A hearing was held before this court on January 11, 1989 regarding the objections of First City National Bank of Austin to the claimed exemptions of the debtors in this case. The objections focused on the debtors’ claim to certain jewelry, including in particular a 6.18 carat diamond ring worn rather regularly by Mrs. Mitchell. In addition to considering whether the jewelry items claimed are exempt under Texas law, see Fernandez v. Seidler {In re Fernandez), 855 F.2d 218 (5th Cir.1988), this court must also grapple with the valuation standard appropriate to the task of determining whether the debtor has claimed in excess of $30,000 in personalty as exempt (Texas sets that figure as the “cap” on the total of personalty which can be claimed as exempt).
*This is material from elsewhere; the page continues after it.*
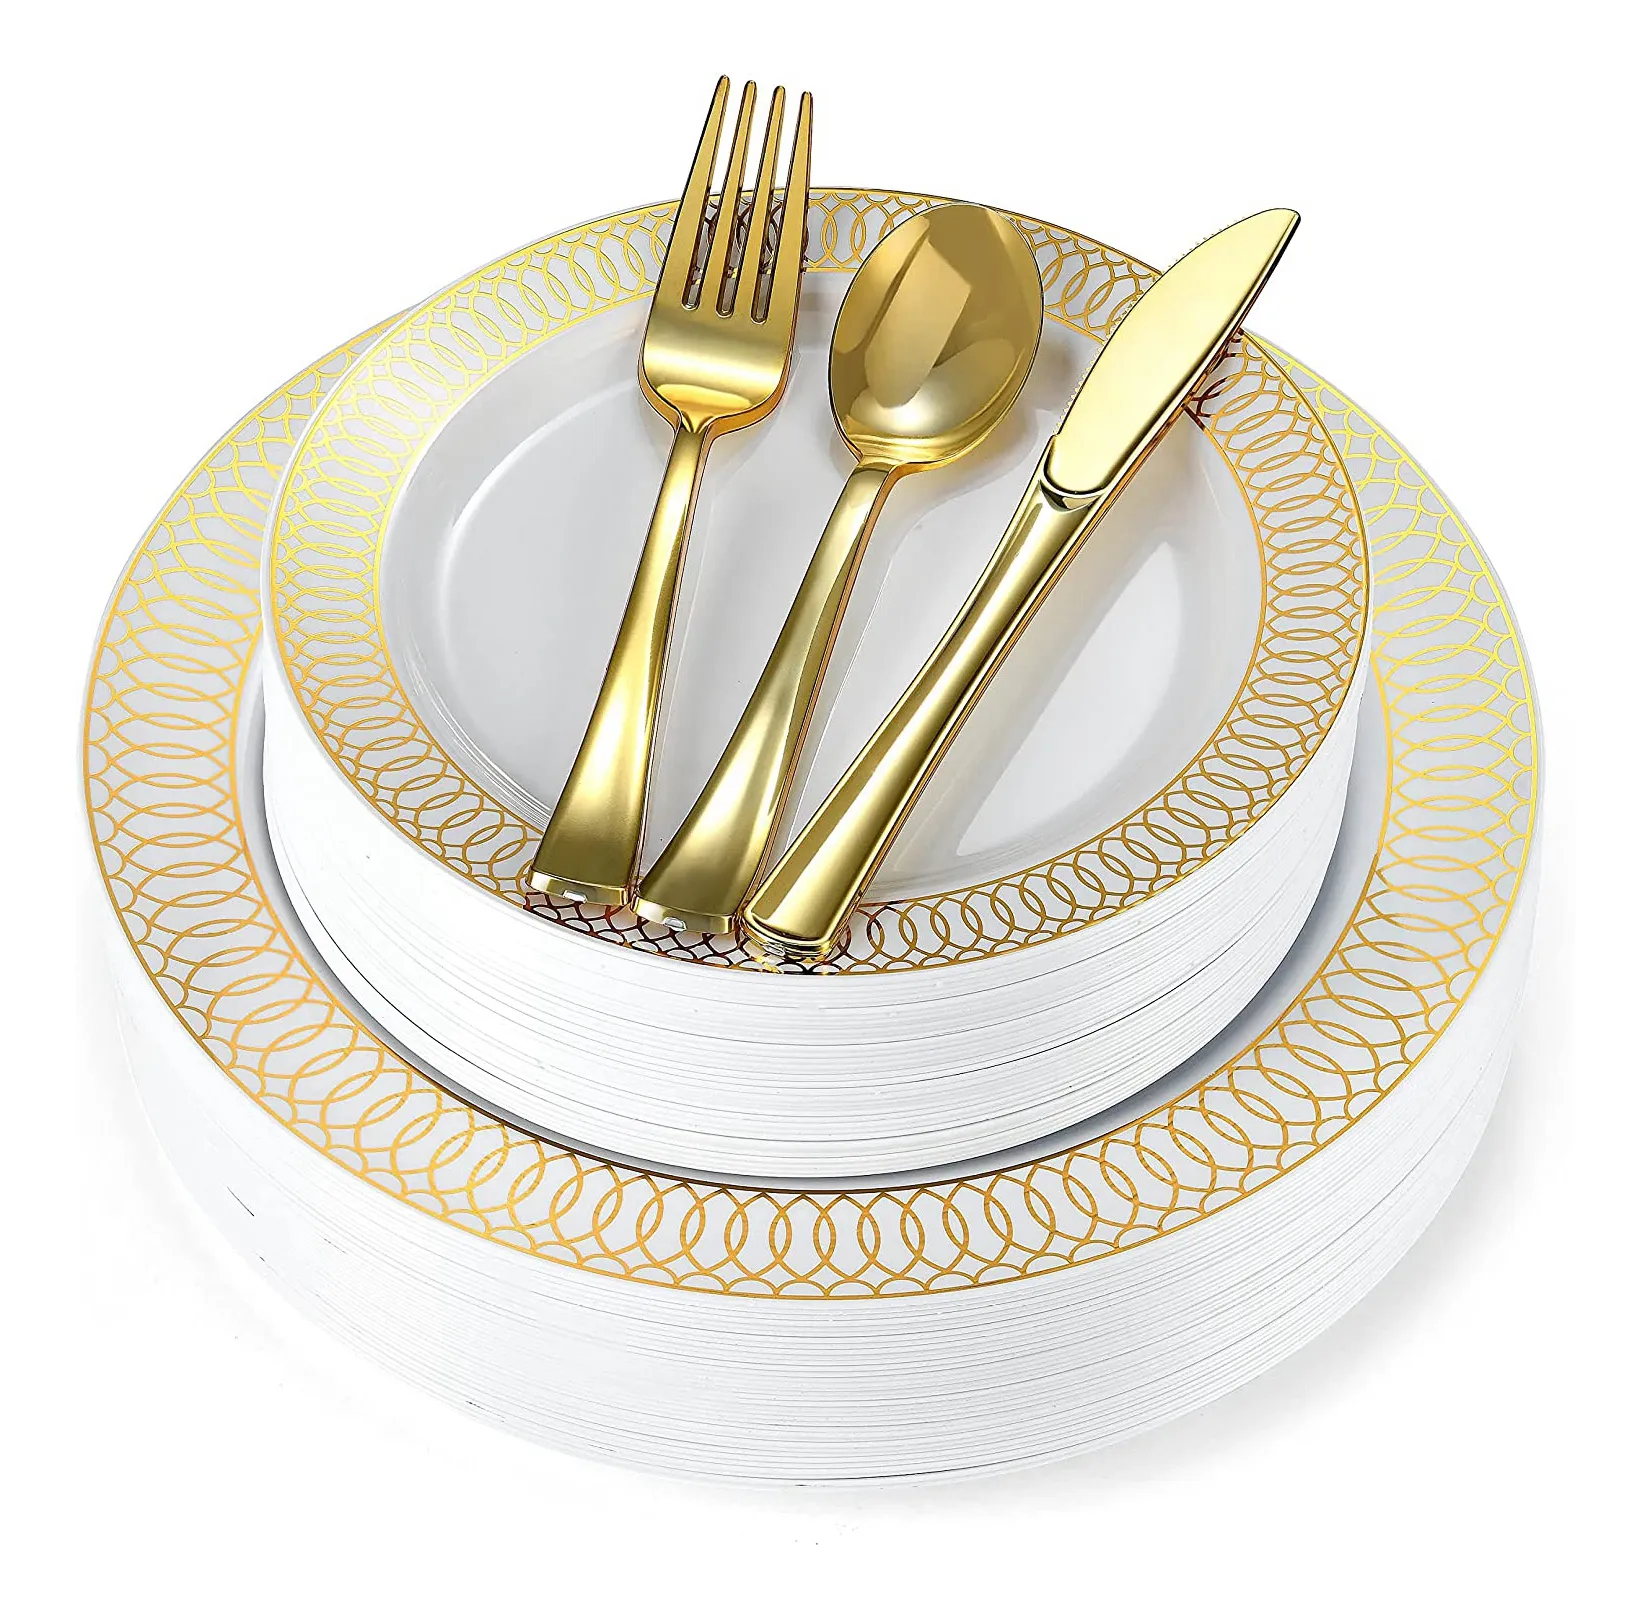 Wegwerp Plastic Fancy Bloem Ontwerp Gold Stamped Lader Platen Servies Sets Voor Party

The bulk of the controversy centers on the valuation issue, the eligibility issue being largely controlled by this court’s decision in In re Leva, 96 B.R. 723 (Bankr.W.D.Tex.1989). First City says that this court should simply apply a fair market standard of valuation, consistent with the language used in both section 522 of the Bankruptcy Code (“Code”) and section 42.001 of the Texas Property Code. See 11 U.S.C. § 522(a)(2) (1982 & Supp. IV 1986); 1 Tex. Prop.Code Ann., § 42.001(a) (Vernon Supp. 1989). 2 The debtor argues for applying a distress or liquidation valuation, in keeping with the fresh start policy of the Code and in recognition of the asserted realities of bankruptcy that, if the property is not retained by the debtor, it will realize for the estate only what the chapter 7 trustee can get for it anyway, which is generally a *820 liquidation price. See In re Walsh, 5 B.R. 239 (Bankr.D.D.C.1980).

BACKGROUND FACTS

The evidence focused largely on the valuation issue, though some evidence regarding use and intent to use was also submitted. All of the jewelry pieces, including the 6.18 carat diamond ring, are worn regularly by the debtors (indeed, some of the pieces show a substantial amount of wear, detracting from their value). The debtors acquired all of the pieces for the purpose of wearing them, and many of the pieces included such comparatively utilitarian items as watches and earrings.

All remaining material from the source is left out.